SABMiller has been cheered as a darling of international sin stocks. Stephen Cranston traces how Graham Mackay turned a local brewery into a R400bn global empire
From its first brewery in Braamfontein, Johannesburg in 1895, SABMiller has become the most successful multinational company to originate from the African continent.

With sales of US$28bn last year and a fat operating margin of 17,8%, the SA- born brewer has come a long way from the days of gold-rush Johannesburg when Castle’s competition as the drink of choice was raw potato spirit mixed with tobacco juice and pepper.

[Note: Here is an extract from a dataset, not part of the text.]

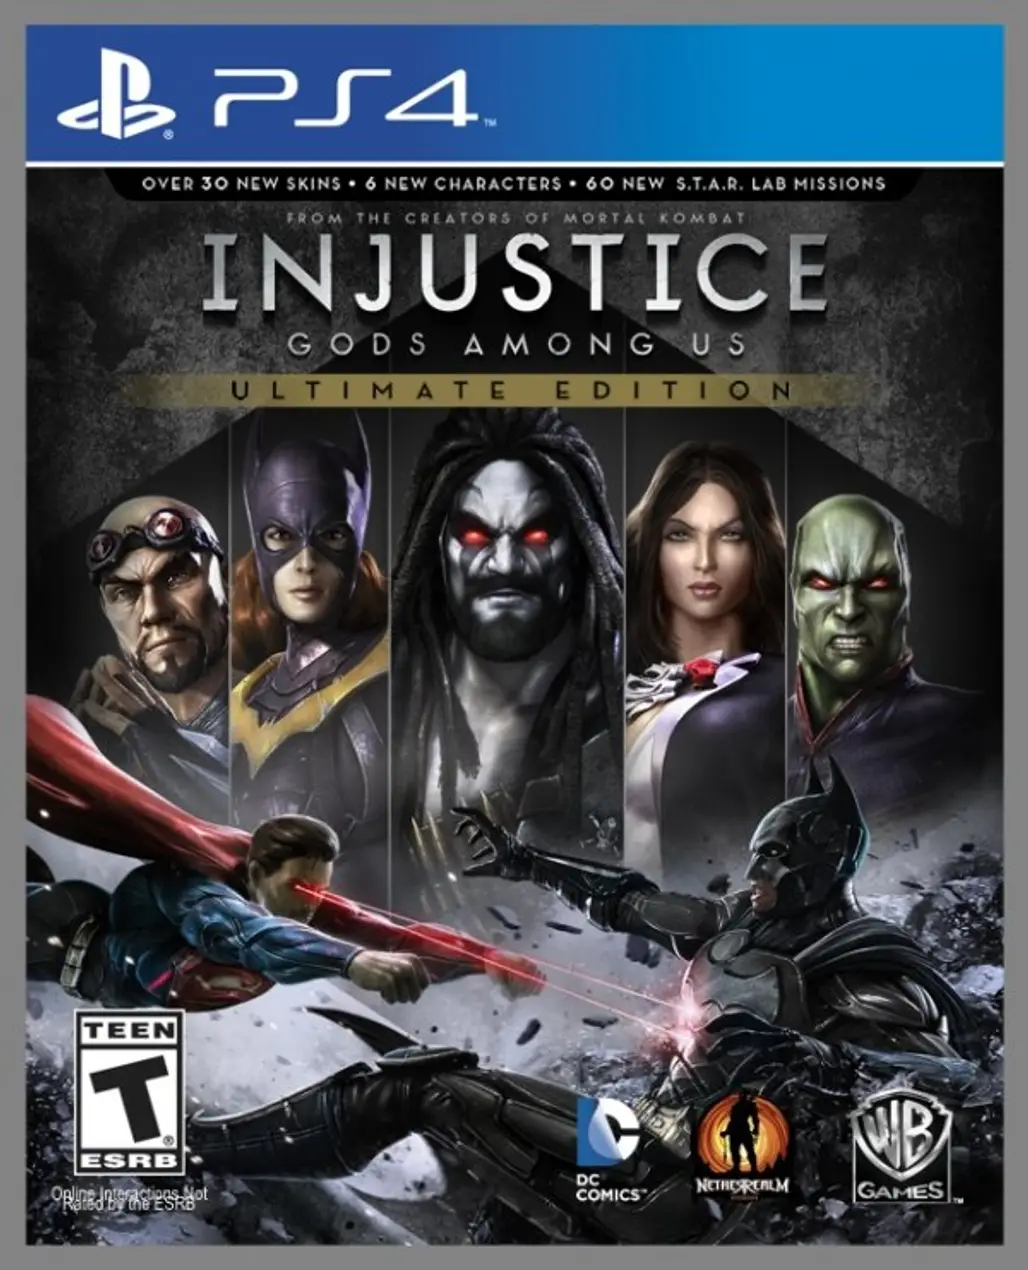 Injustice: Gods among Us Ultimate Edition

Though the conglomerate has evolved over the years, CEO Graham Mackay has carried the local formula with him in going global. Now in 75 countries and with 200 brands, such as Peroni, Grolsch and Miller Lite, under its belt, SABMiller is a R400bn market cap global beer giant and the world’s number two after Anheuser-Busch Inbev. Almost 90% of its sales are outside its home market.

Mackay has been at the centre of this globalisation story. It has been 12 years since he moved the brewer’s Johannesburg headquarters to London and dual- listed it. But it is still South African at heart, as is most of his senior team .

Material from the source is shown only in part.